Case Study: Churn Prediction

In a subscription business, we want to predict if a customer will cancel.

Gather historical data with labels (cancelled or not)
Gather data with features (e.g., age, gender, income).
Train our model using this data to understand patterns that indicate cancellation.
Use the model to predict if a new customer is likely to churn and take action if needed.

Features like age, gender, last purchase date, and household income can help predict cancellations. The strength of machine learning lies in its ability to analyze multiple features simultaneously. By using these features and labels, we train the model to make predictions on new data.

We can then input this data into our trained model, which then provides a prediction. If the model indicates that the customer isn’t at risk of churning, we can expect their revenue for the next month. However, if the model predicts they might churn, we can proactively reach out to try to retain their subscription.

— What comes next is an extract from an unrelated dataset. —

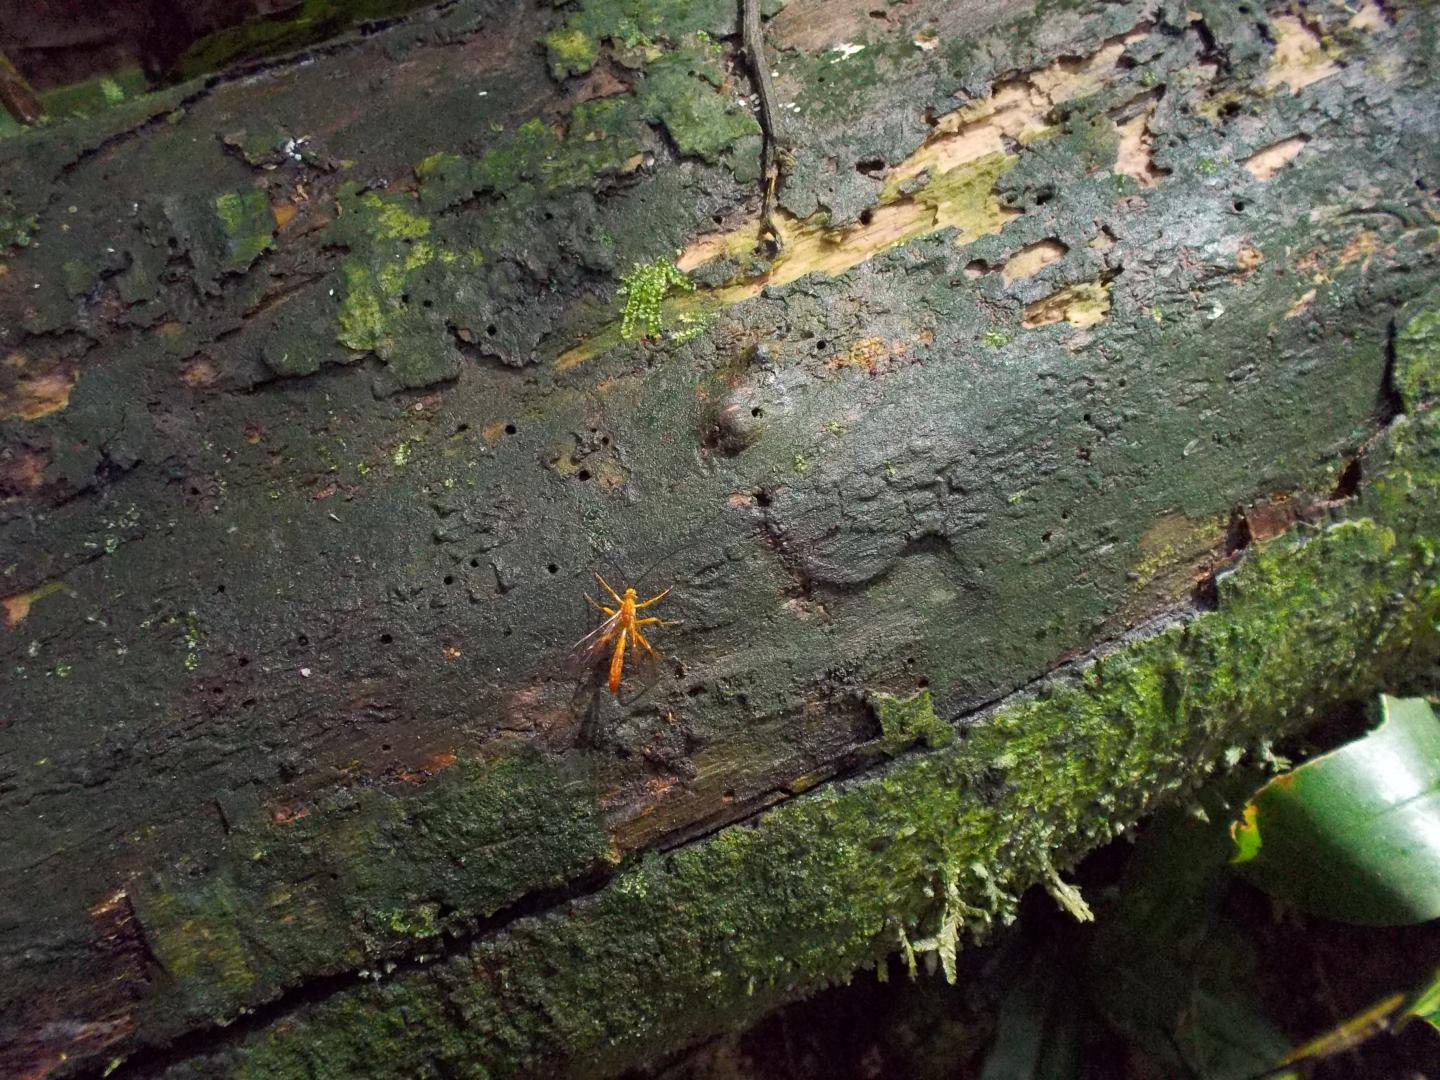 Parasitoid Wasps Prefer the Decaying Wood of Primary Forest

Evaluating Model Performance

After training a model, it's important to reserve some of your historical data for testing rather than using it all for training. This reserved data, known as a test set, allows us to evaluate how well the model performs.

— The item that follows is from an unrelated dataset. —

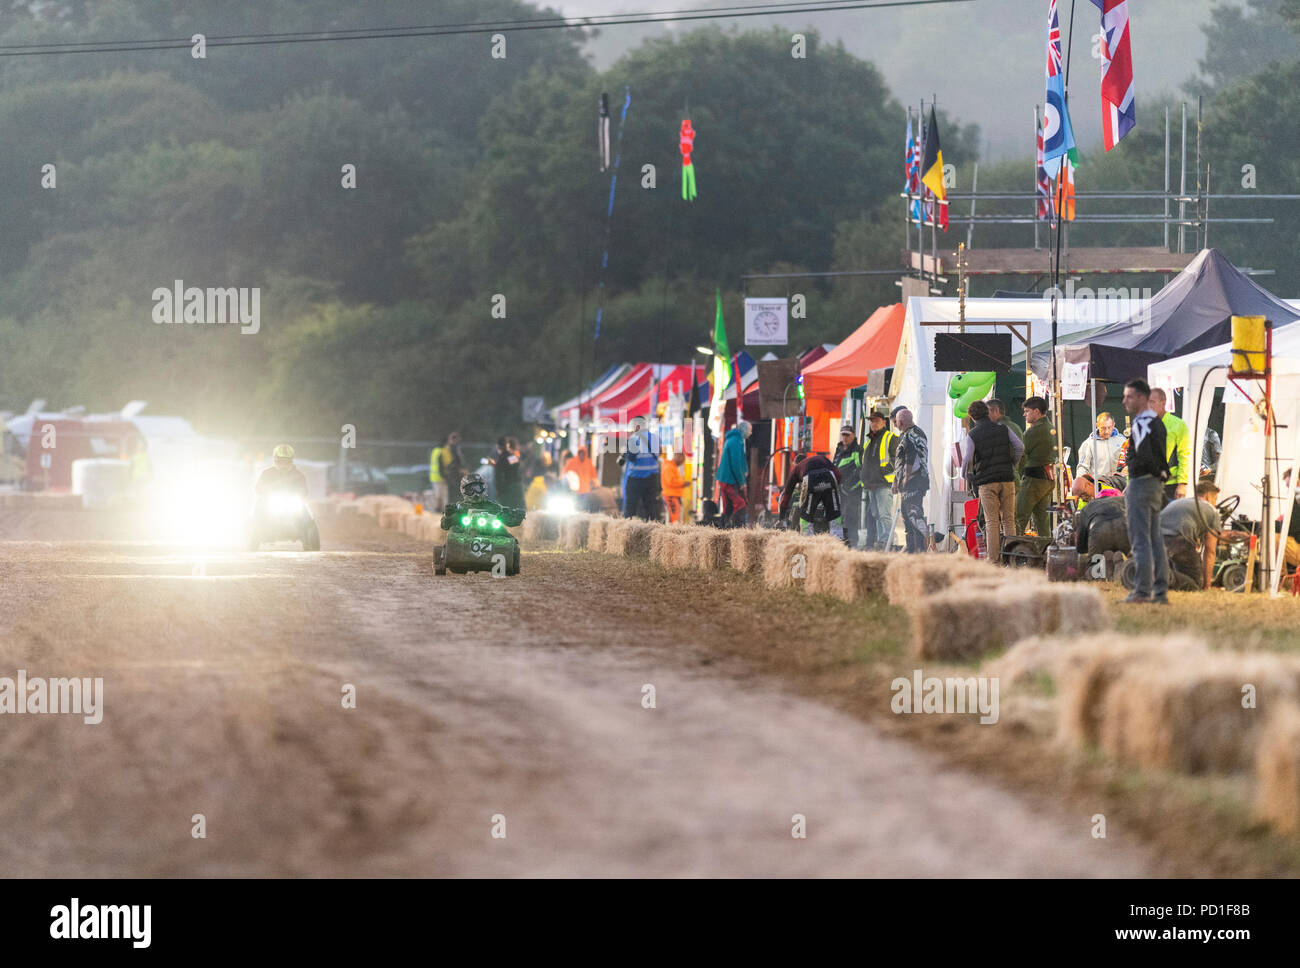 The 12 hour endurance lawnmower race, organised by the British Lawn Mower Racing Association, started at 8pm on Saturday and teams from around the world raced through the night to the finish line at 8am Sunday morning. Credit: Richard Grange/Alamy Live News Stock Photo

For instance, we can use the model to predict which customers might churn and then check how accurate these predictions are.

Remarks:

The model shows a high overall accuracy of 97%, being correct on 970 out of 1000 customers.
However, it failed to correctly identify any customers who actually churned.
For rare events, it’s crucial to evaluate the accuracy for each outcome separately.
The model’s accuracy in predicting churn is 0%, indicating it’s not effective for this task.

If the model's performance is not satisfactory, it may need retraining with different parameters or more data.

Overfitting

Overfitting is when a model performs well on training data but poorly on testing data, meaning it can't generalize to new data. This is why we split our dataset into training and testing sets. The testing data sets is to check the model performance.

See example below. The green line overfits by classifying all points perfectly on the training set but performs poorly on unseen data. The black line makes more errors on the training set but generalizes better.

Accuracy

Accuracy measures the model performance by dividing the number of correctly predicted observations by the total number of observations. Example: 48 correct out of 50 gives 96% accuracy.

48/50 = 0.96 or 96%

Note that accuracy isn't always the best metric, especially in cases like fraud detection where fraudulent transactions are a small minority. A model could have high accuracy but still miss most fraudulent transactions.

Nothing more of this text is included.